PROBLEM DETAILS:
Write out the lines of the material below exactly, beginning at the line with "Vyto Ruginis, Eglė" and stopping after the line with "Calendario Con Festivita.Calendario", and leave out the pictures.
STUDY MATERIAL Start Marker
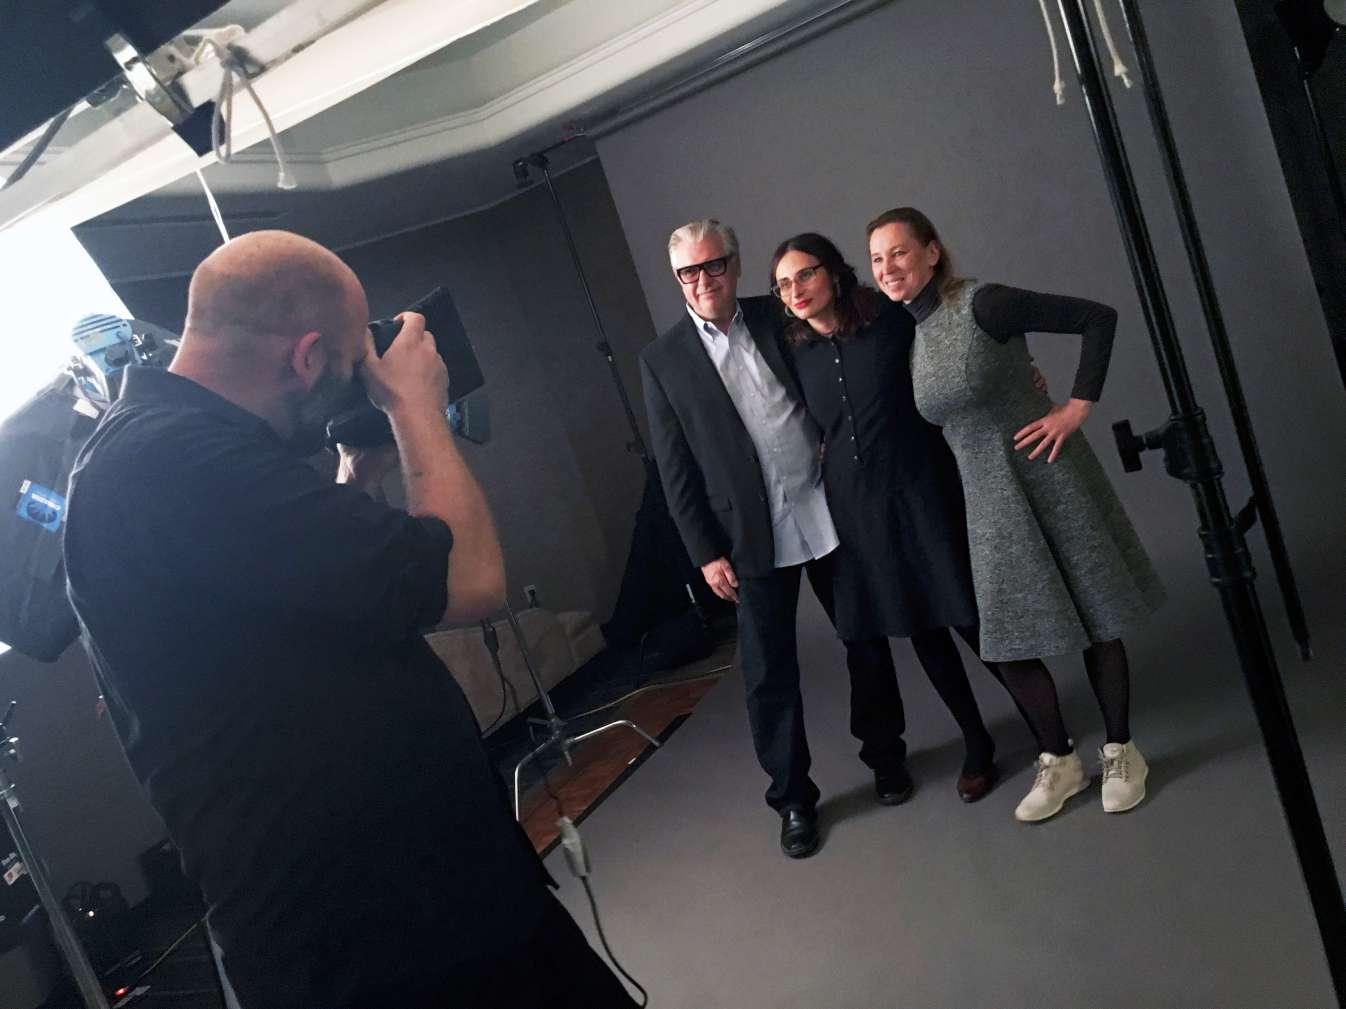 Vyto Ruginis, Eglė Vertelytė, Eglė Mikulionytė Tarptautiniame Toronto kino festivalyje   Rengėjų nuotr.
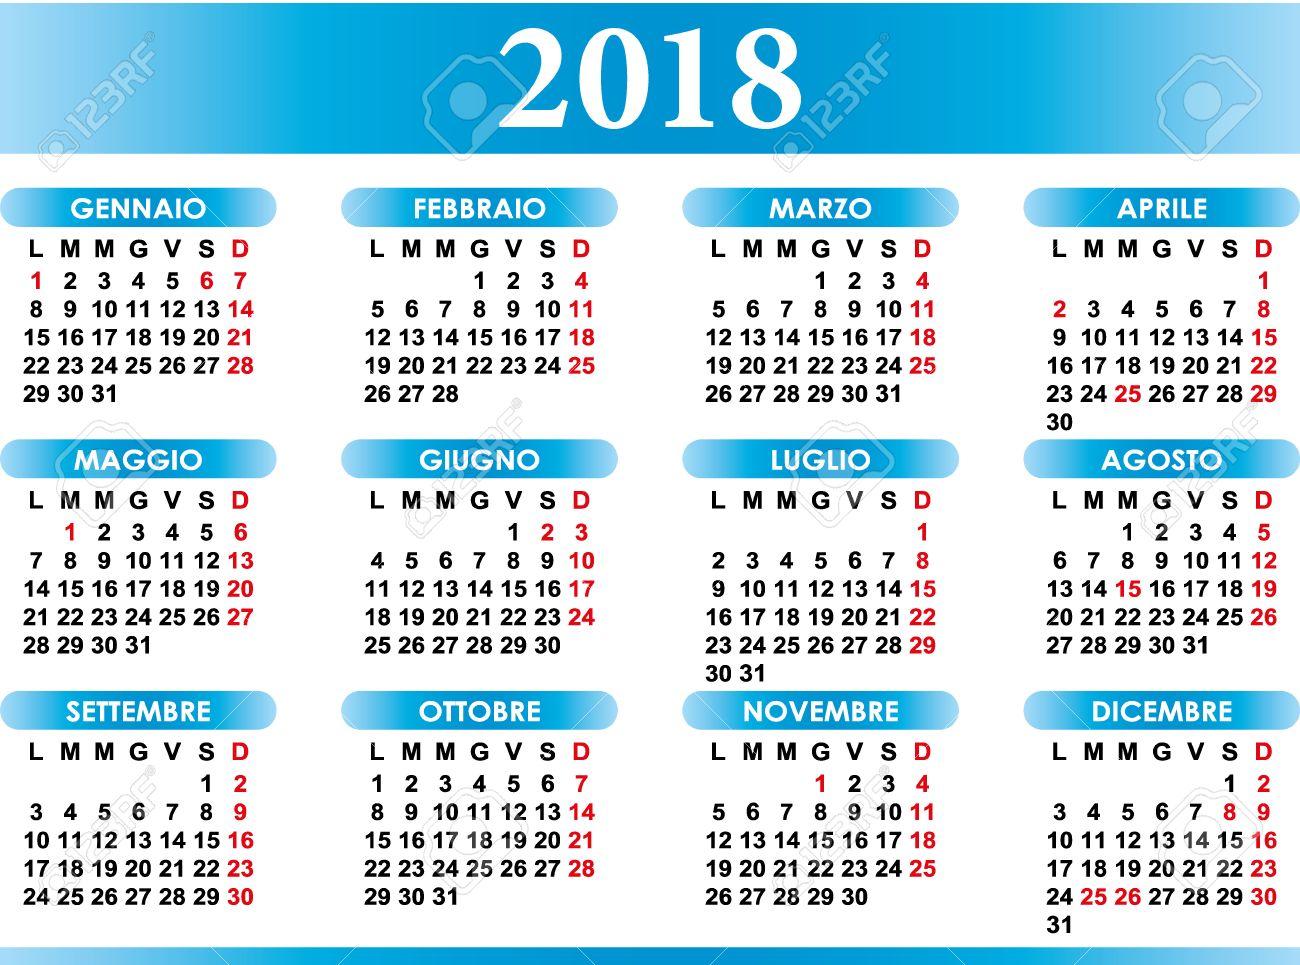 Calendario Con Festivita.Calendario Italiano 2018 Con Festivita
STUDY MATERIAL End Marker
STUDY MATERIAL Start Marker
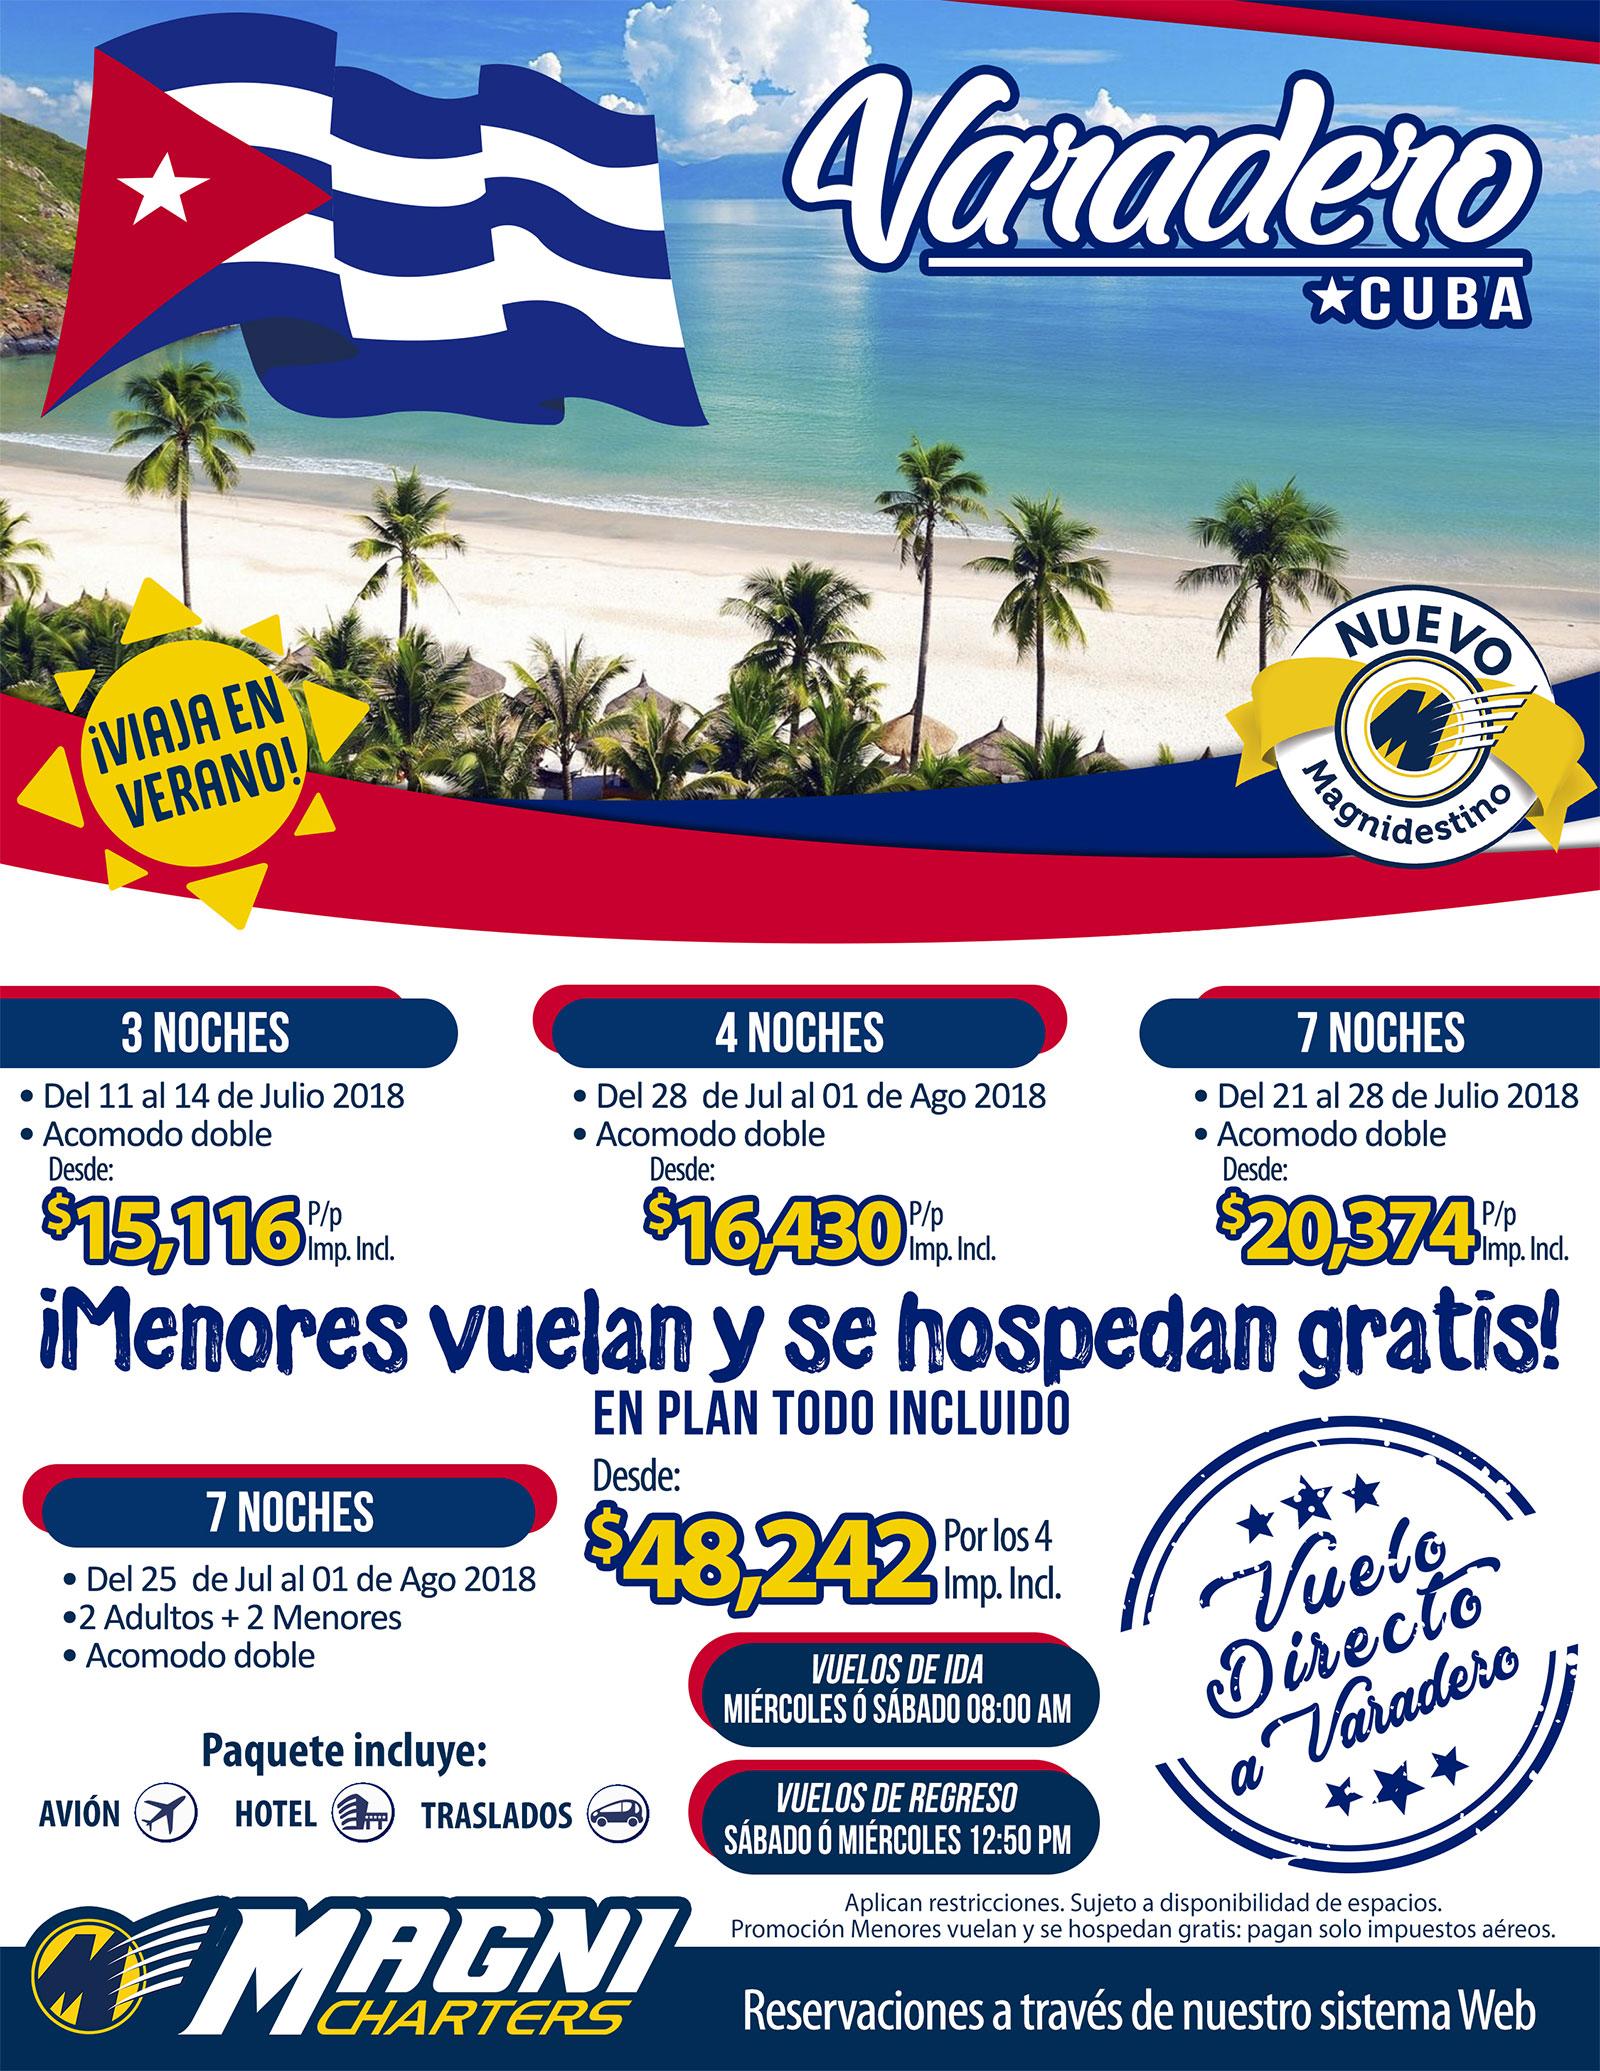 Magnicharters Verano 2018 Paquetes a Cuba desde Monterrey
STUDY MATERIAL End Marker
ANSWER TO THE EXERCISE:
 Vyto Ruginis, Eglė Vertelytė, Eglė Mikulionytė Tarptautiniame Toronto kino festivalyje   Rengėjų nuotr.
 Calendario Con Festivita.Calendario Italiano 2018 Con Festivita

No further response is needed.